Tuesday, May 03, 2011

Real-world ecological half-life longer than expected

I think it's gonna be a long long time...
http://www.wired.com/wiredscience/2009/12/chernobyl-soil/

Reinhabiting the large exclusion zone around the accident site may have to wait longer than expected. Radioactive cesium isn’t disappearing from the environment as quickly as predicted, according to new research presented here Monday at the... meeting of the American Geophysical Union. Cesium 137’s half-life — the time it takes for half of a given amount of material to decay — is 30 years. In addition to that, cesium-137’s total ecological half-life — the time for half the cesium to disappear from the local environment through processes such as migration, weathering, and removal by organisms is also typically 30 years or less, but the amount of cesium in soil near Chernobyl isn’t decreasing nearly that fast. And scientists don’t know why.

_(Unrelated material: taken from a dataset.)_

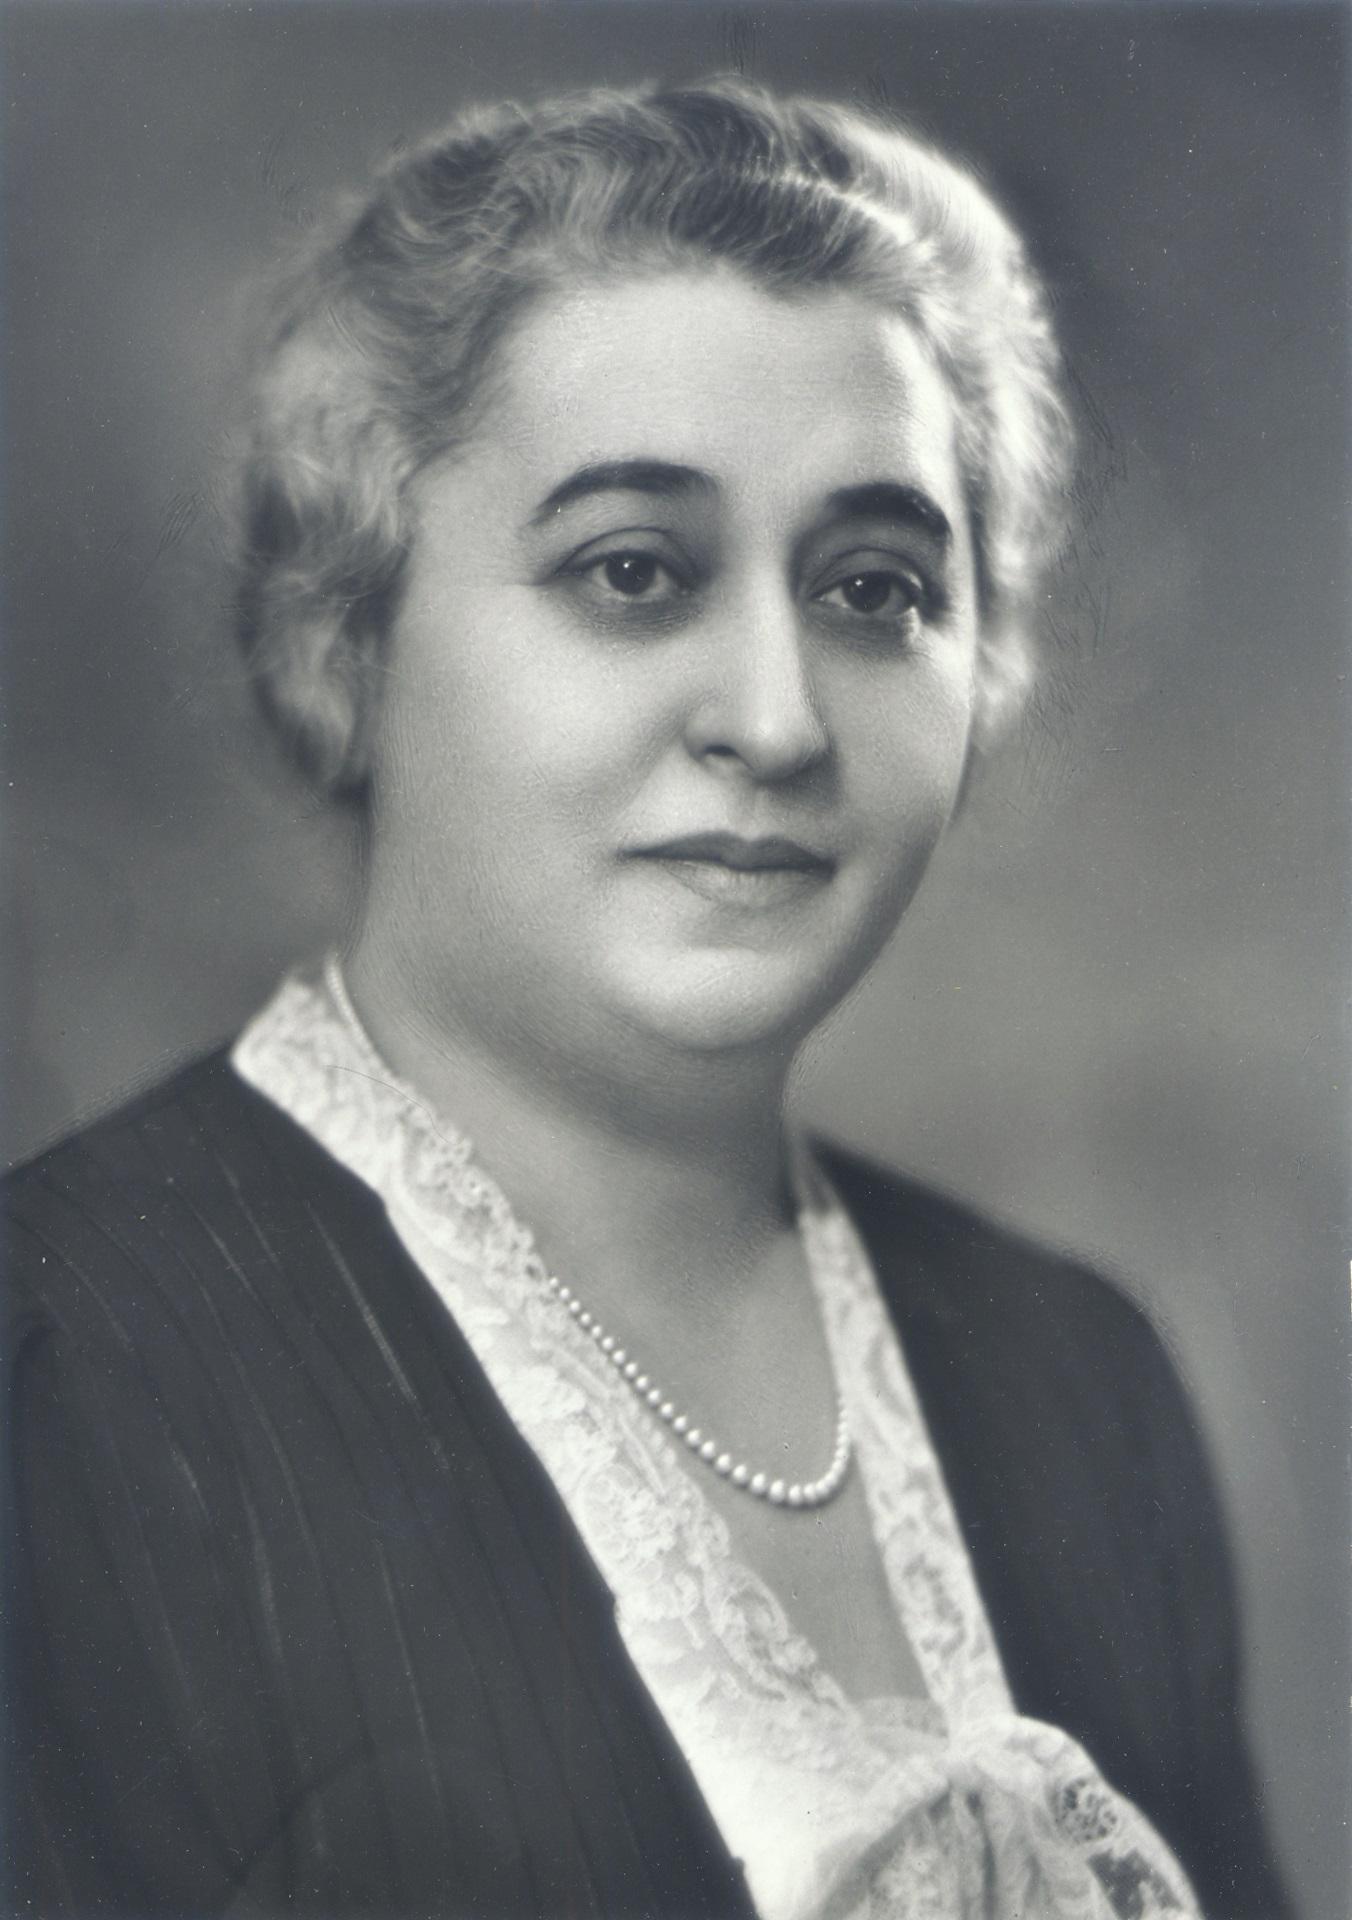 Photographic portrait of Lillian Freiman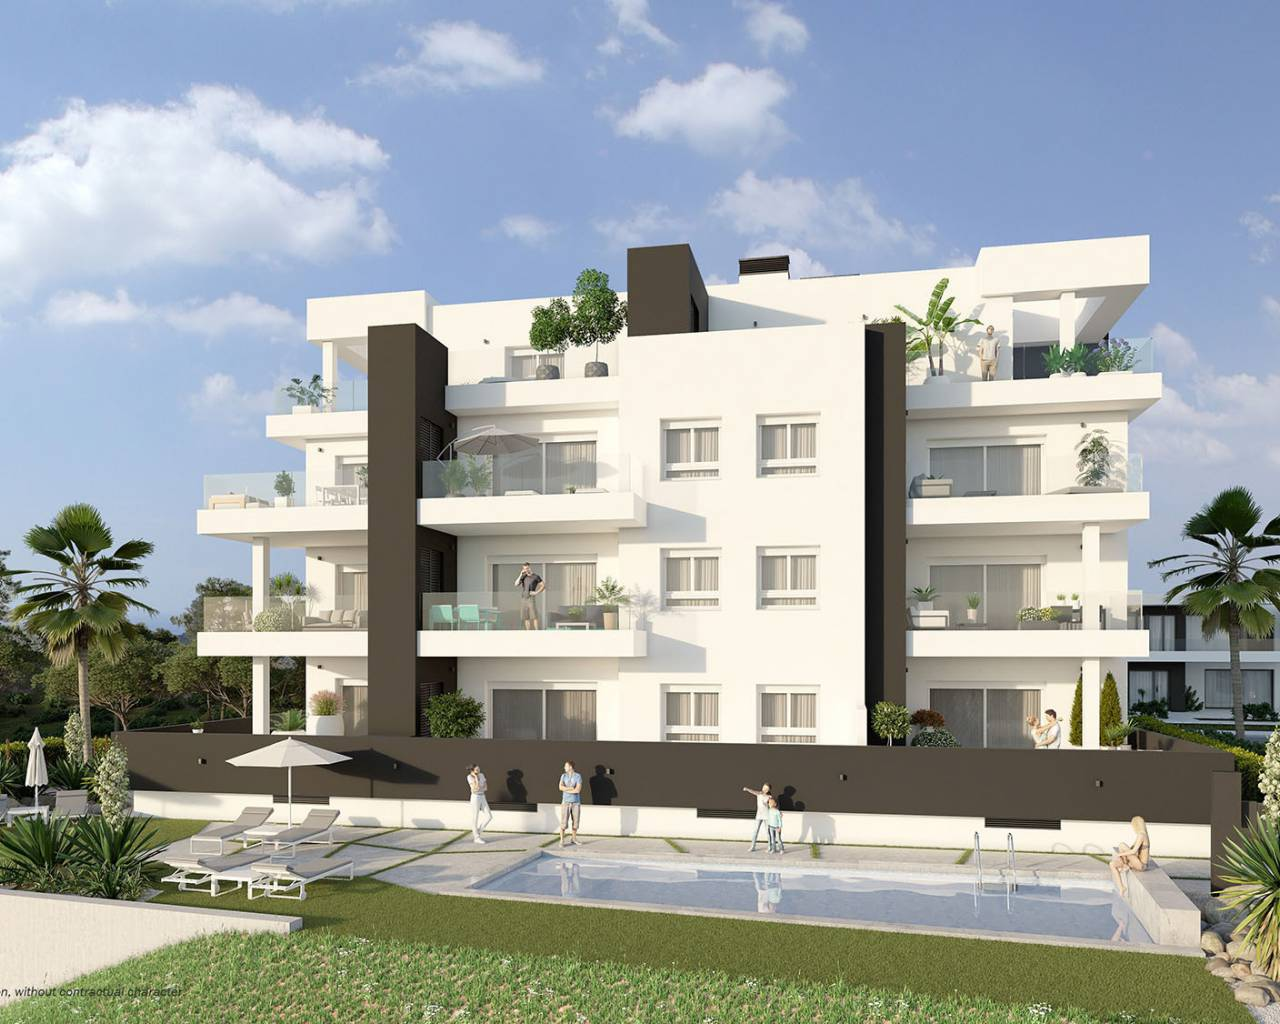 nieuwbouw-appartement-orihuela-costa-villamartin_2419_xl

It stands to reason that at some point the Ukrainian government would like to be able to use that land again, but the scientists have calculated that what they call cesium’s “ecological half-life” — the time for half the cesium to disappear from the local environment — is between 180 and 320 years.

“Normally you’d say that every 30 years, it’s half as bad as it was. But it’s not,” said Tim Jannik, nuclear scientist at Savannah River National Laboratory and a collaborator on the work. “It’s going to be longer before they repopulate the area.”